▶ **Data extract**:
⟨

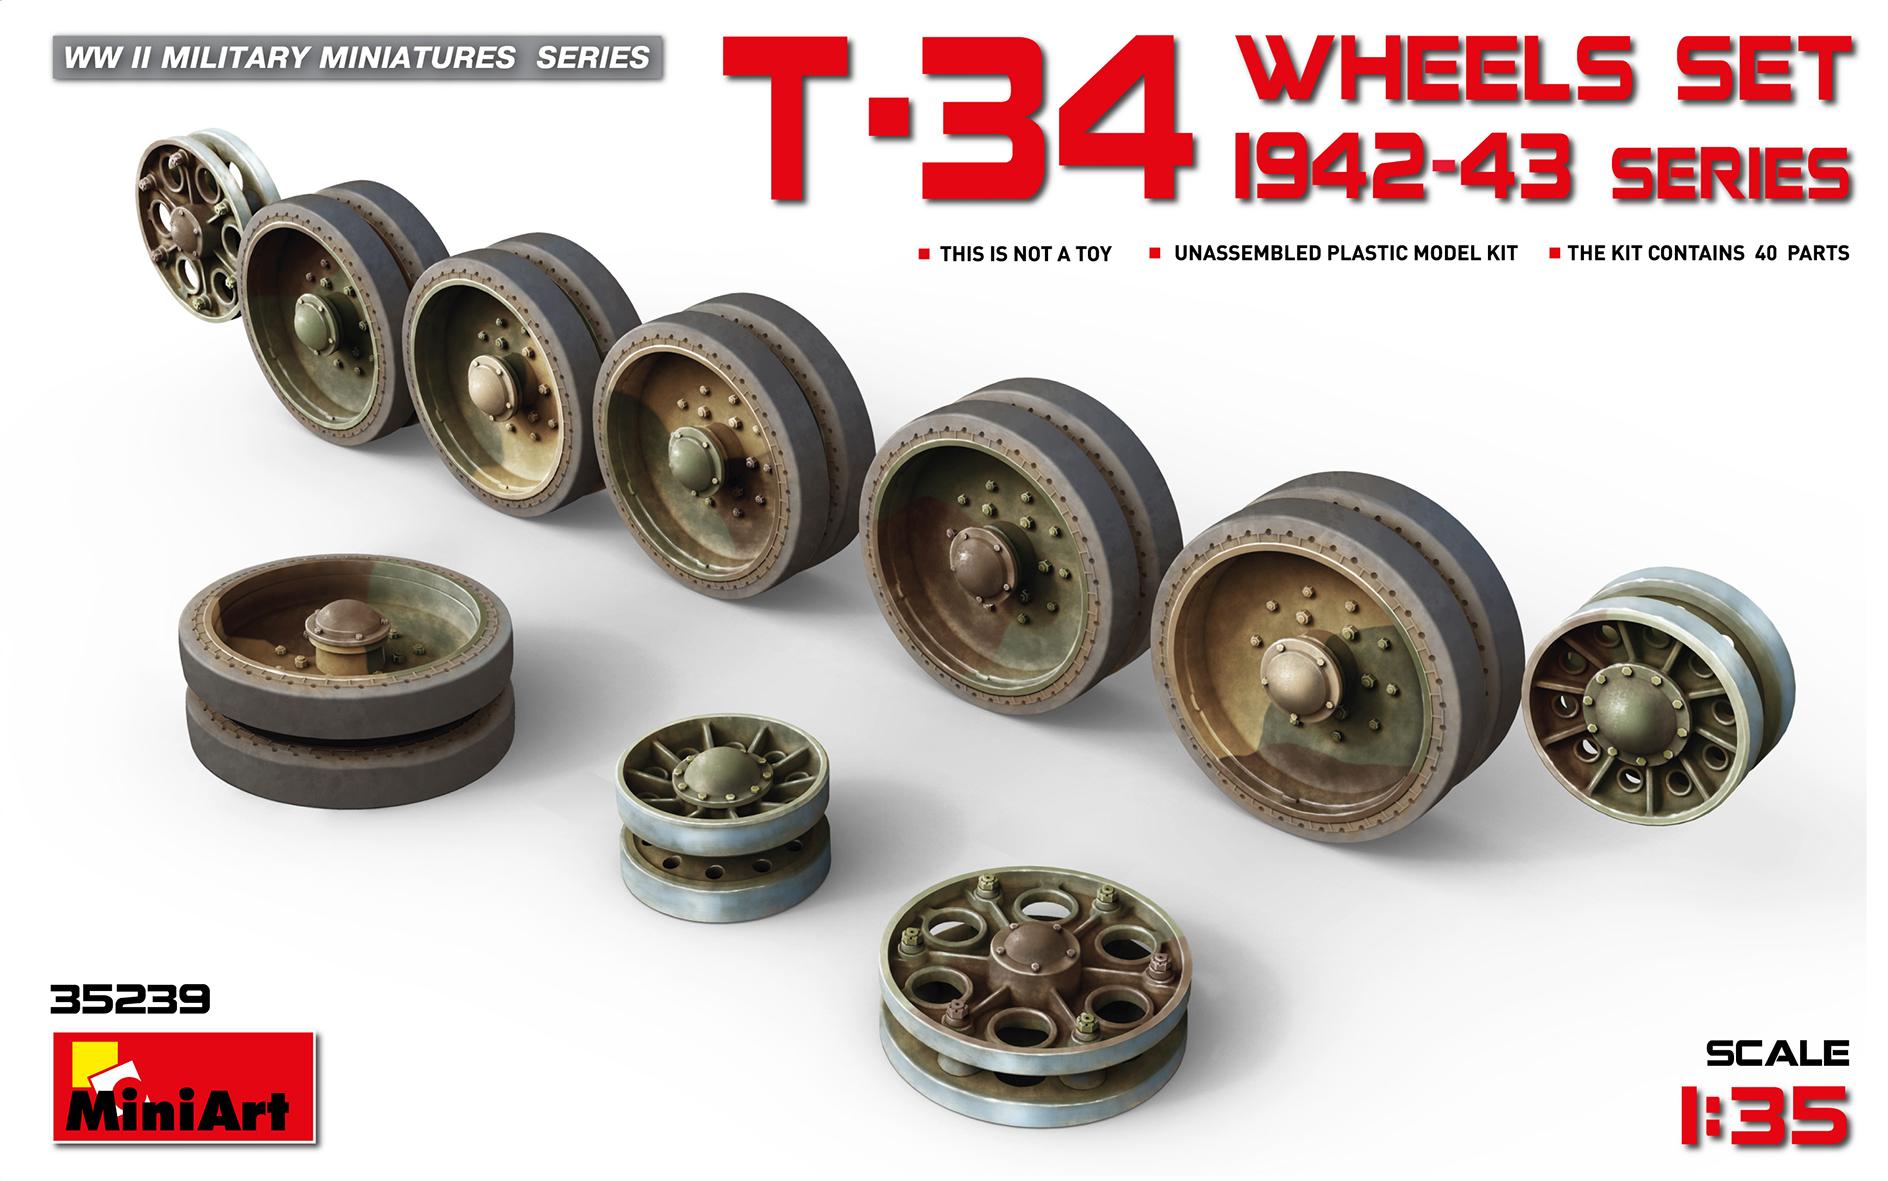 35239 T-34 WHEELS SET. 1942-43 series
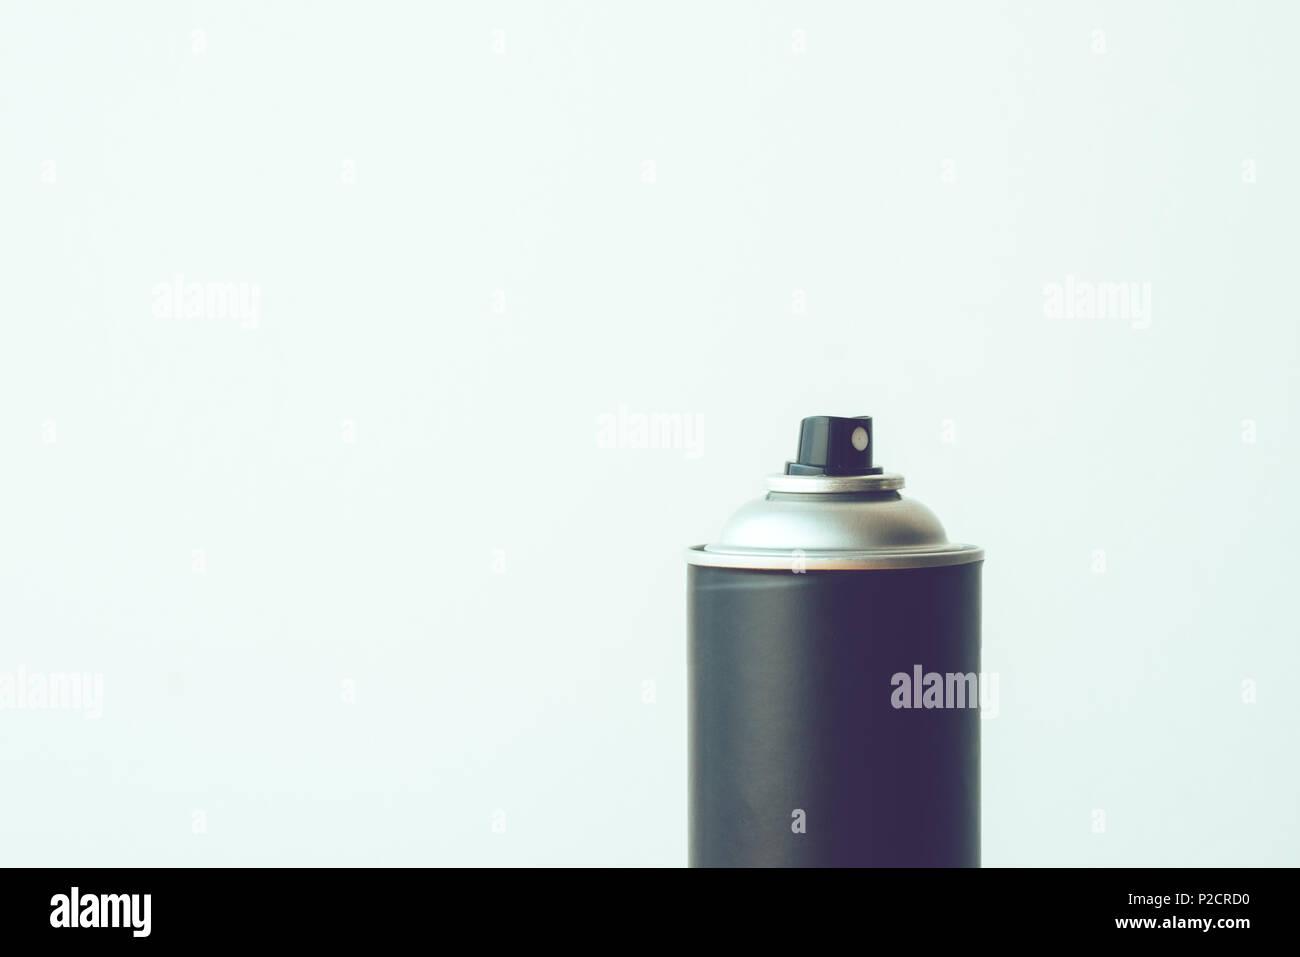 Color Spray Can For Graffiti Artwork With Copy Space Photo By Stevanovicigor
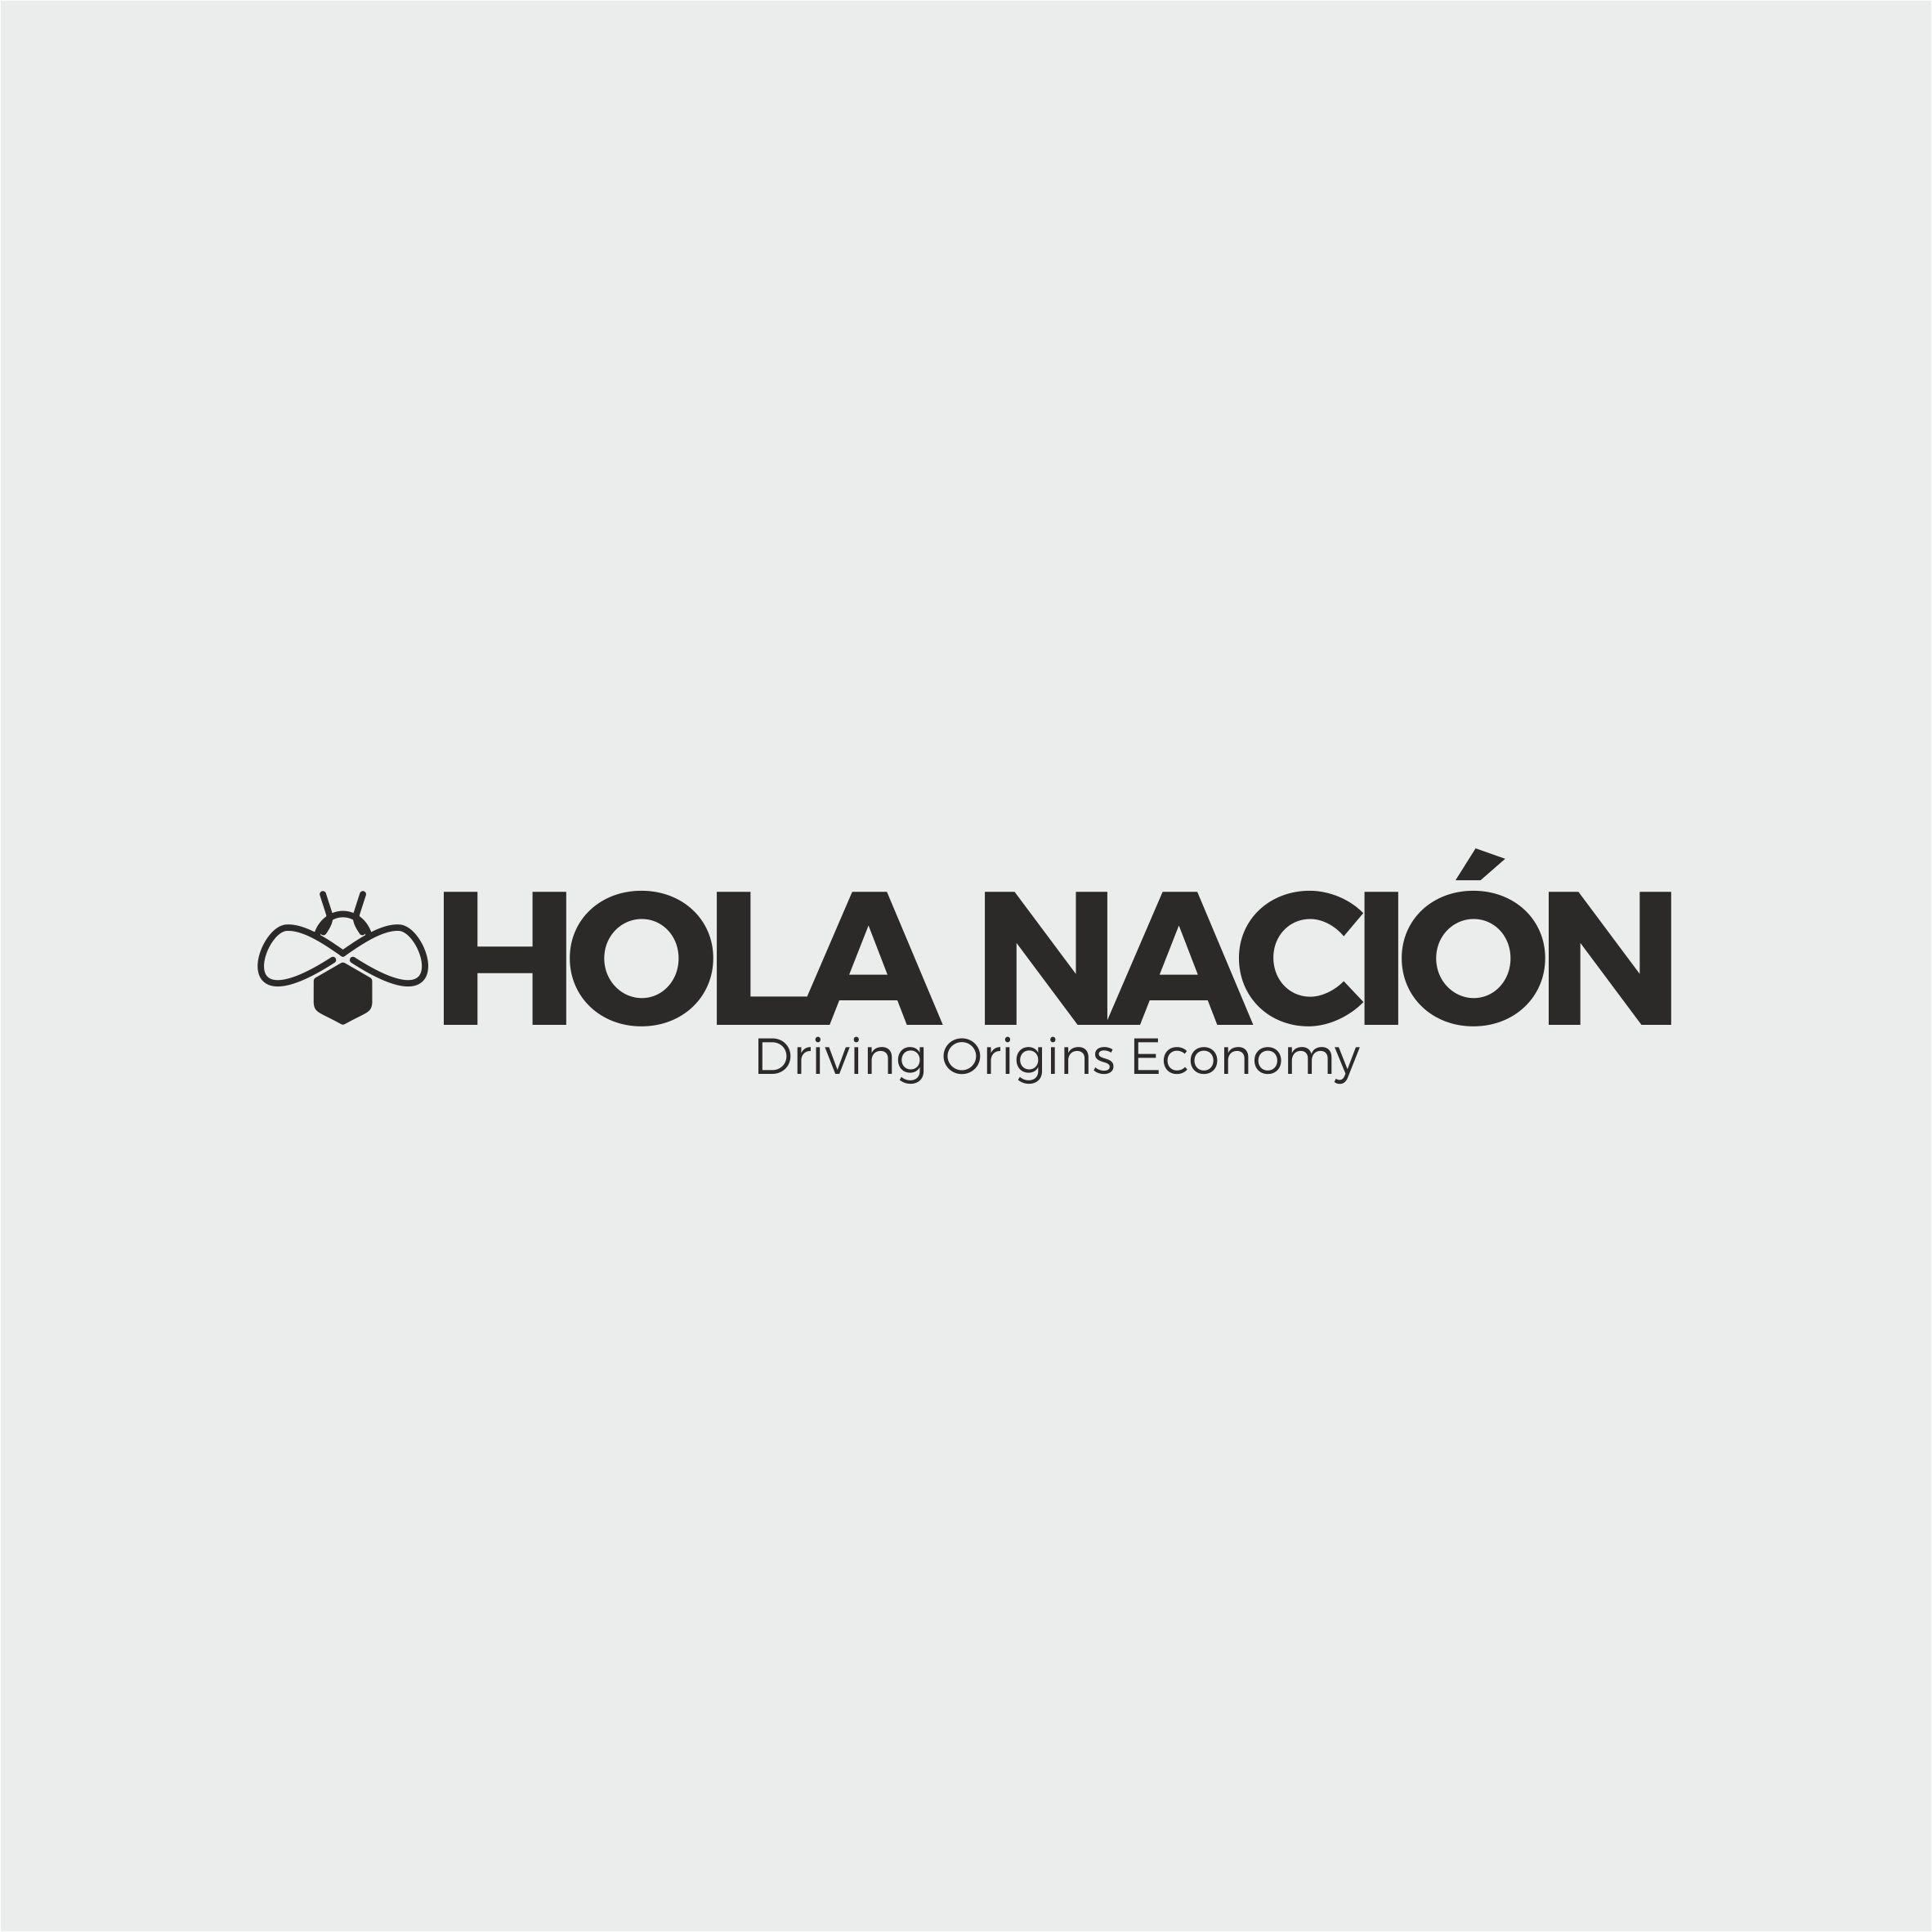 Hola Nación® Driving Origins Econony: SOCIAL IMPACT + ECONOMIC IMPACT+PERSONAL IMPACT+ ENVIRONMENTAL IMPACT
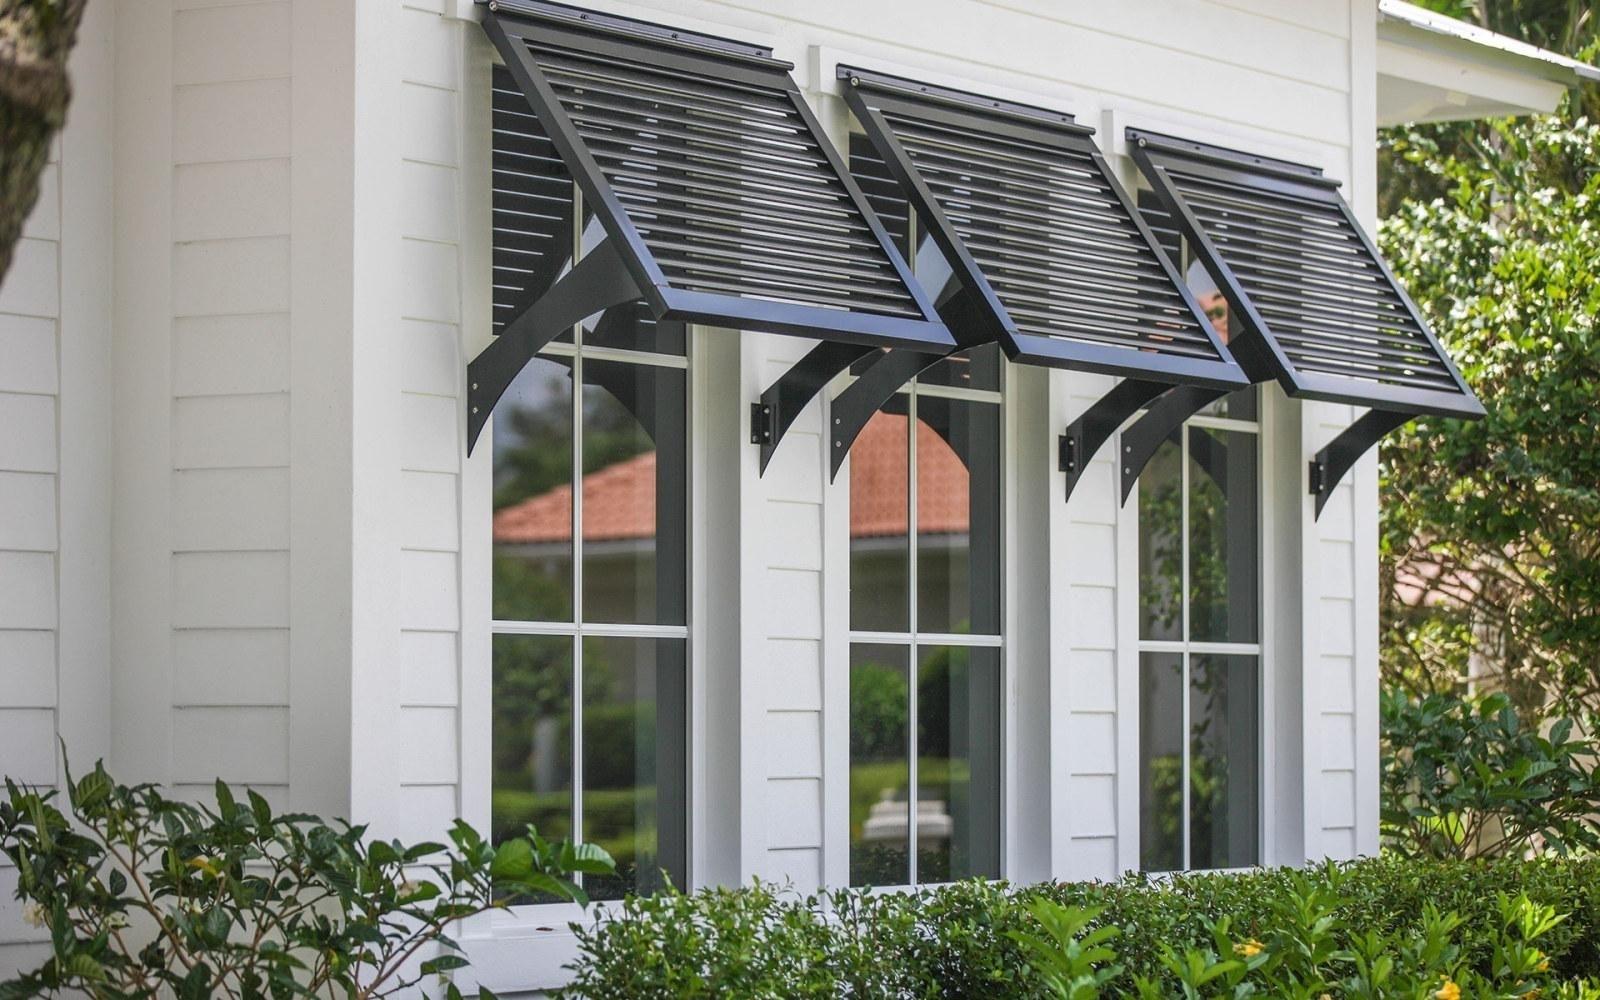 Metal Exterior Shutters For Windows Madison Art Center

⟩

▶ **The problem**: Transcribe the whole listing above exactly and leave out the pictures.

▶ **Answer below**:
 35239 T-34 WHEELS SET. 1942-43 series
 Color Spray Can For Graffiti Artwork With Copy Space Photo By Stevanovicigor
 Hola Nación® Driving Origins Econony: SOCIAL IMPACT + ECONOMIC IMPACT+PERSONAL IMPACT+ ENVIRONMENTAL IMPACT
 Metal Exterior Shutters For Windows Madison Art Center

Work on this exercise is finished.